Sample size calculations were conducted on the treatment delivery sample before initiation of the study. Since it could not be determined prospectively which subjects would not receive any blood products, enrollment was set to exceed that necessary for the sample size calculation to ensure adequate power for the primary aim in transfused subjects.
Previous studies suggest that the mean IL-6/IL-10 ratio rises to approximately 10 fold post-operatively, with a standard deviation conservatively estimated as 4. It was calculated that a sample size of 64 subjects per group would provide 80% power to detect a relatively small group difference of 2 units (one-half of a SD) of the mean IL-6:IL-10 ratio, using an unpaired t-test and a two-tailed significance level of 5%. In all subjects, descriptive statistics (e.g., mean, SD, median, quartiles) of the interleukin levels, their ratio, CRP levels, and clinical outcomes were calculated. As the laboratory outcome data (IL and CRP levels) were not normally distributed, median values were compared using non-parametric tests. For interleukin levels the Mann Whitney test for significance was performed. For comparison of CRP levels, the Wald Wolfowitz test was chosen to test for significance for its sensitivity to outliers after preliminary examination of the data. For clinical outcome data that was normally distributed, t-tests were performed to test for significance. For clinical outcome data that was not normally distributed, and when interleukin levels were compared, Mann Whitney tests were performed. We did not adjust for multiple comparisons as all secondary analyses are considered exploratory in nature
All subject data were analyzed at study completion in the manner of “intention-to-treat” to ensure proper statistical interpretation of the study results. Subgroup analysis was then performed for only those children who received RBC transfusions (N = 128) (treatment delivery sample) in order to compare the study intervention of blood cell modification via washing.

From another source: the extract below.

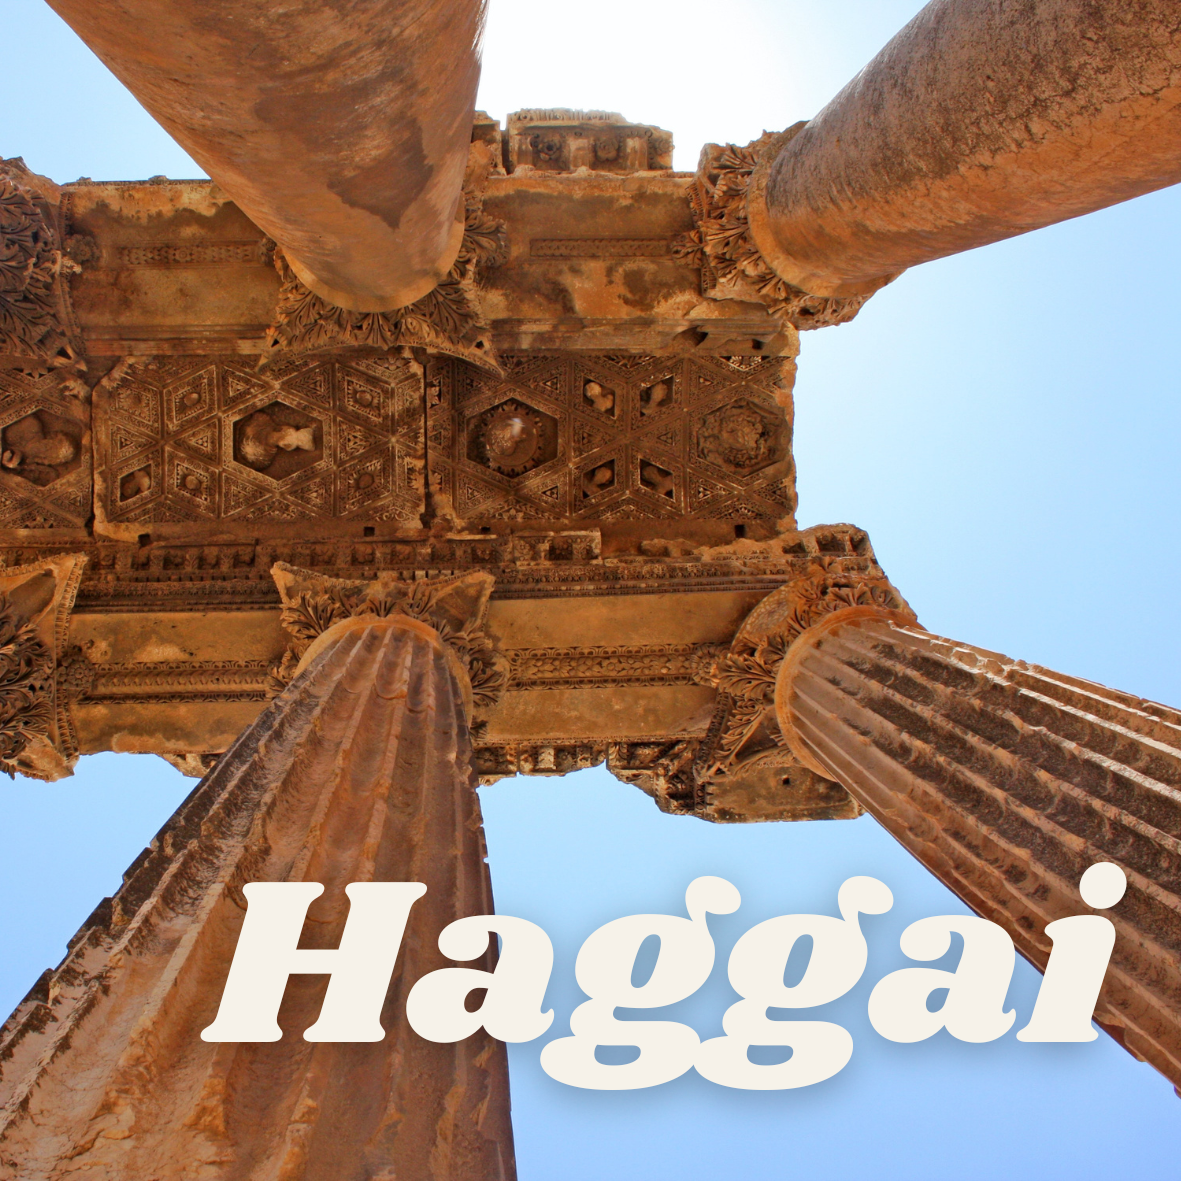 Haggai square

A two-way analysis of variance (ANOVA) was performed comparing IL-6 levels and survival between treatment groups. The statistical package for the social sciences (SPSS) version 17.0 (SPSS Inc., Chicago, IL) and Statview (SAS Institute, Cary, NC) were used for all statistical analyses. A p value < 0.05 was considered statistically significant.
From October 2008 to September 2010, 172 children were eligible for study participation. 168 children and families gave informed consent and were randomized. Three subjects did not have surgery performed (palliation was not offered in 2, and central venous access could not be secured for the third), and three subjects had shunt procedures performed off CPB, and were therefore excluded. The remaining 162 subjects underwent surgery and completed study procedures; 81 were randomized to each group. No surviving subjects dropped out of the study, and none were lost to follow-up. Data from subjects that died were included in all analysis (CONSORT chart).
Subject characteristics
There were 62 females (38%) and 100 males (62%). Median age was 7 months (range: 2 days to 17 years) and median weight was 6.75 kg (2.2-106.8kg). Thirty-six (23%) were neonates (age <31 days), 39 (24.1%) had single ventricle physiology, 78 (48%) had cyanotic cardiac lesions, and 31 (19%) had diagnosed chromosomal abnormalities or syndromes. There were no significant differences in baseline characteristics between intent-to-treat or treatment delivery sample groups, and the CPB and surgical management were similar (Table 1).
Table 1
Table 1
Subject characteristics and intra-operative results.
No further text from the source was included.